I'll probably make a new thread with a summary, but I guess I'll document the progress here with my findings so far.

I got the wall rail material yesterday, and it's not ideal.

Go ahead and ignore from 0:00 to 5:11. Also ignore the lighting at the very beginning. I haven't used Hit Film Express since I made my Kiesel Aries unboxing video 3 years ago (there have been NINE version updates since then), and found the new lightning effect...so I just had to use it _somewhere_.  
0:00-5:11: blabbing about background and why I chose this product
5:12 starts the unboxing
6:41, I start showing flaws/defects.


Still don't know what I'm going to do with it. I'm not confident that replacements will meet my standards, because I'm very familiar with this sort of material. *sigh* Why even bother making this out of clear anodized aluminum if they can't even ship it in pristine condition. Let the USER beat it up.

Maybe i can get it powder-coated locally...I know of a place that would probably do it for about $120 each rail (eek). but if I could get a partial refund, that could absorb some of that...


----------



## Hollowway (Oct 3, 2019)

That’s a bummer, @spudmunkey. Those look pretty much the same as the string swing ones I got, in terms of overall design, but the finish was different on mine. They do a powder coated finish in something that has a little bit of “grain” going on - they call it “vein” and I got it in black vein. My guess is they do that knowing that it would hide any skuffs. 
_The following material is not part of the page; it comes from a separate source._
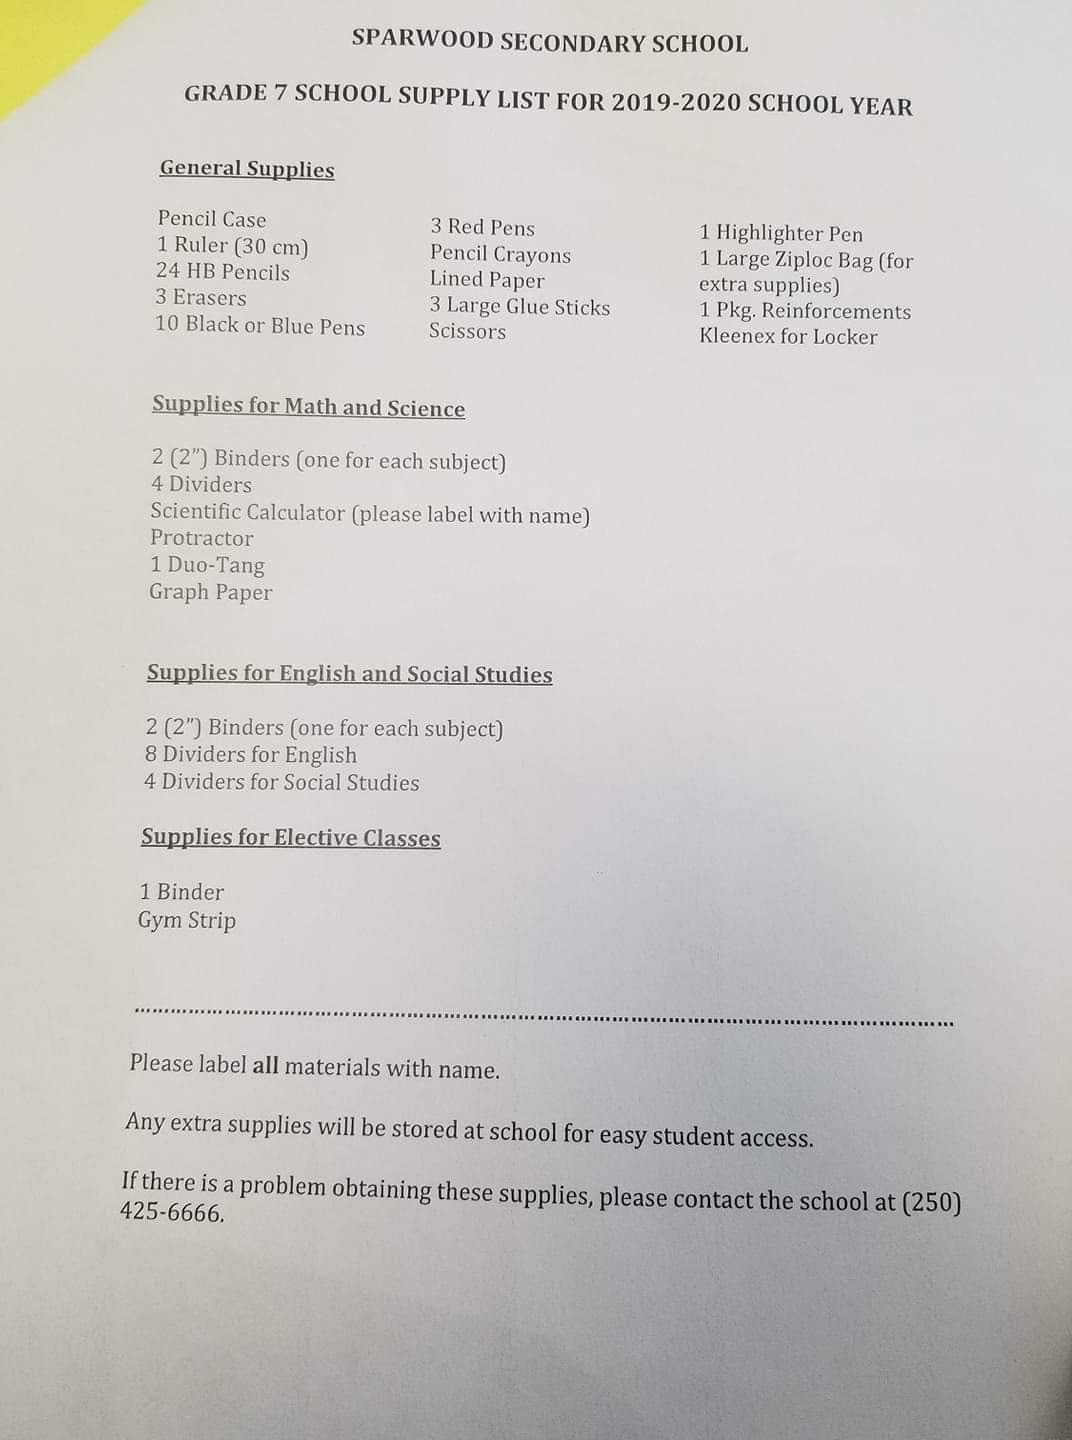 Grade 7 Supply List.jpg

What string swing doesn’t do anymore is ship the 8’ sections. Only 4’. So it was a little tricky to cut the sections to fit and be able to get enough of it into a stud, and not have it show up at a seam between two sections.


----------



## spudmunkey (Oct 3, 2019)

A good point about the shorter sections. I thought about buying another 4ft section and cutting it down so that it would go wall-to-wall, but the section would be too short to cross over enough studs, so I'd have to cut the 8ft one shorter....which seemed like it was just turning into a bad idea.

*sigh* I feel like I'm just going to end up having to make my own. I've got a router table, so it wouldn't be *too* much effort. She really doesn't like the String Swing's finish texture. That's sort of the deal: I can gang guitars, but it has to meet her aesthetic standards.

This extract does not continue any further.